▶ _TASK OBJECTIVE_
Go through the listing below and write out exactly the lines from the one that mentions "BC Liquor Distribution" through the one that mentions "emania Media Studio - Broadcast Yourself", minus the pictures.

[[ LISTED RECORDS, beginning ]]

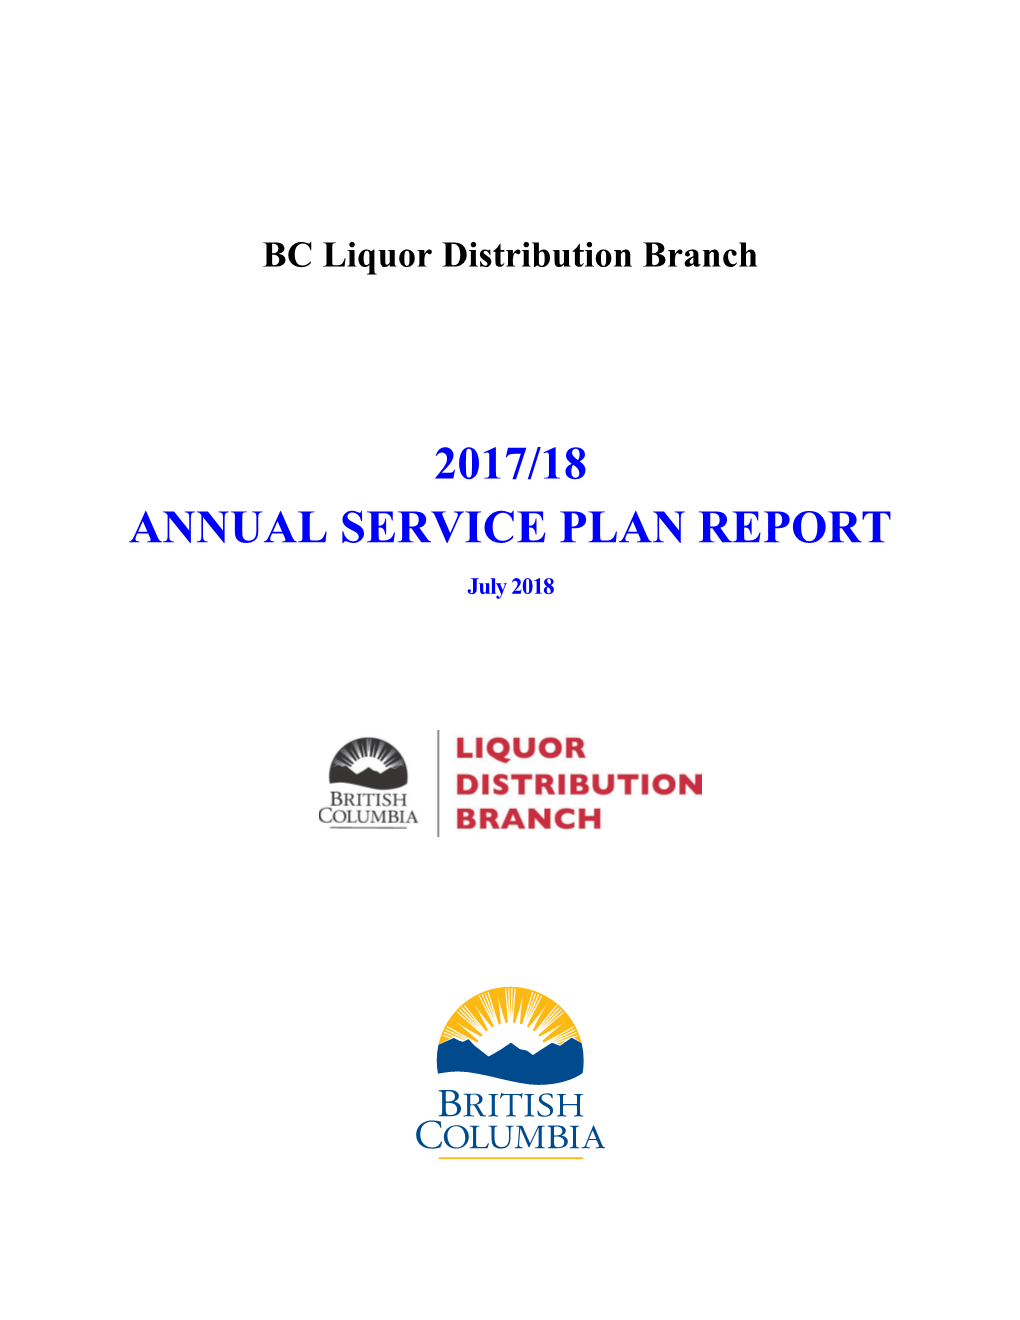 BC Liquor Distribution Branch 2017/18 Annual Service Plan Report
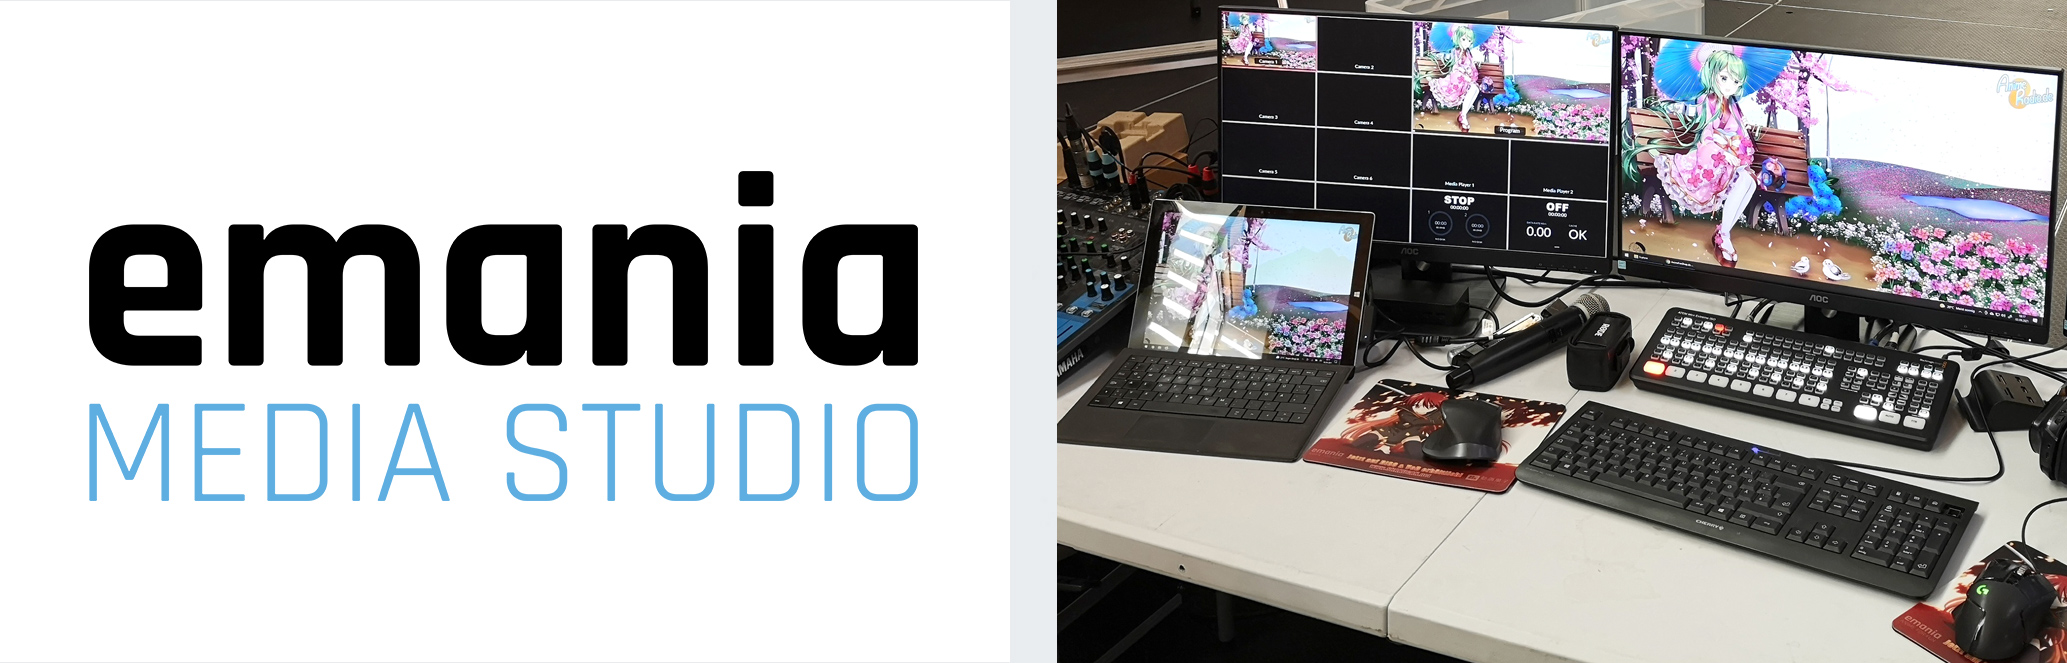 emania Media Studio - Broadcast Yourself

[[ LISTED RECORDS, end ]]
[[ LISTED RECORDS, beginning ]]

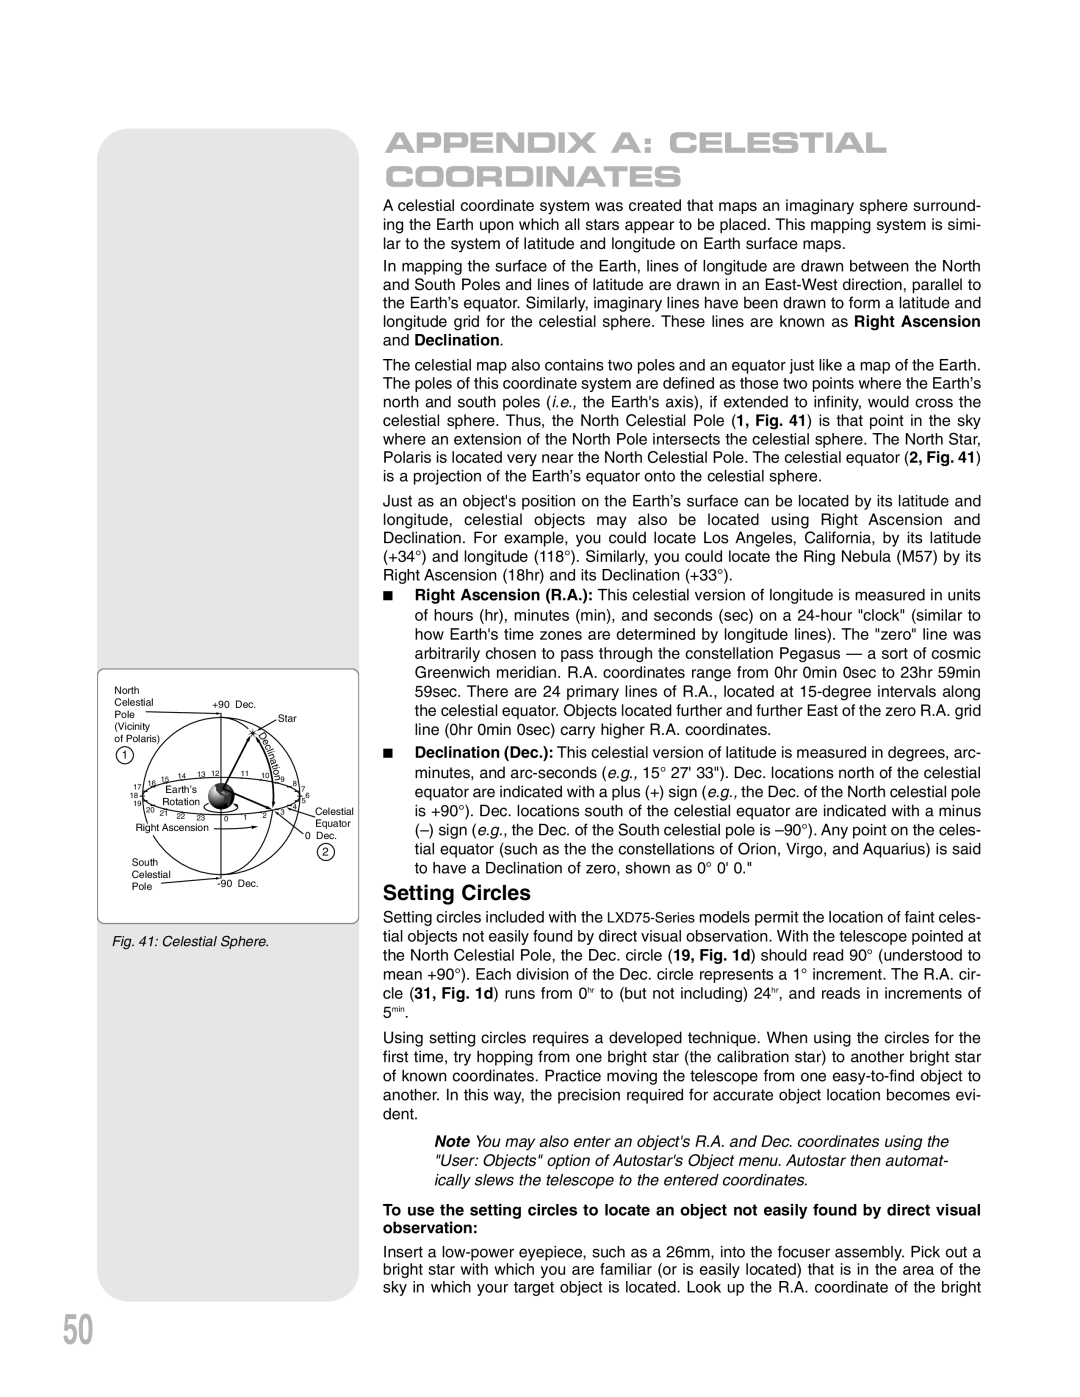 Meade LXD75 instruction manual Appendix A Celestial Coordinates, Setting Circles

[[ LISTED RECORDS, end ]]

▶ _YOUR RESPONSE_
 BC Liquor Distribution Branch 2017/18 Annual Service Plan Report
 emania Media Studio - Broadcast Yourself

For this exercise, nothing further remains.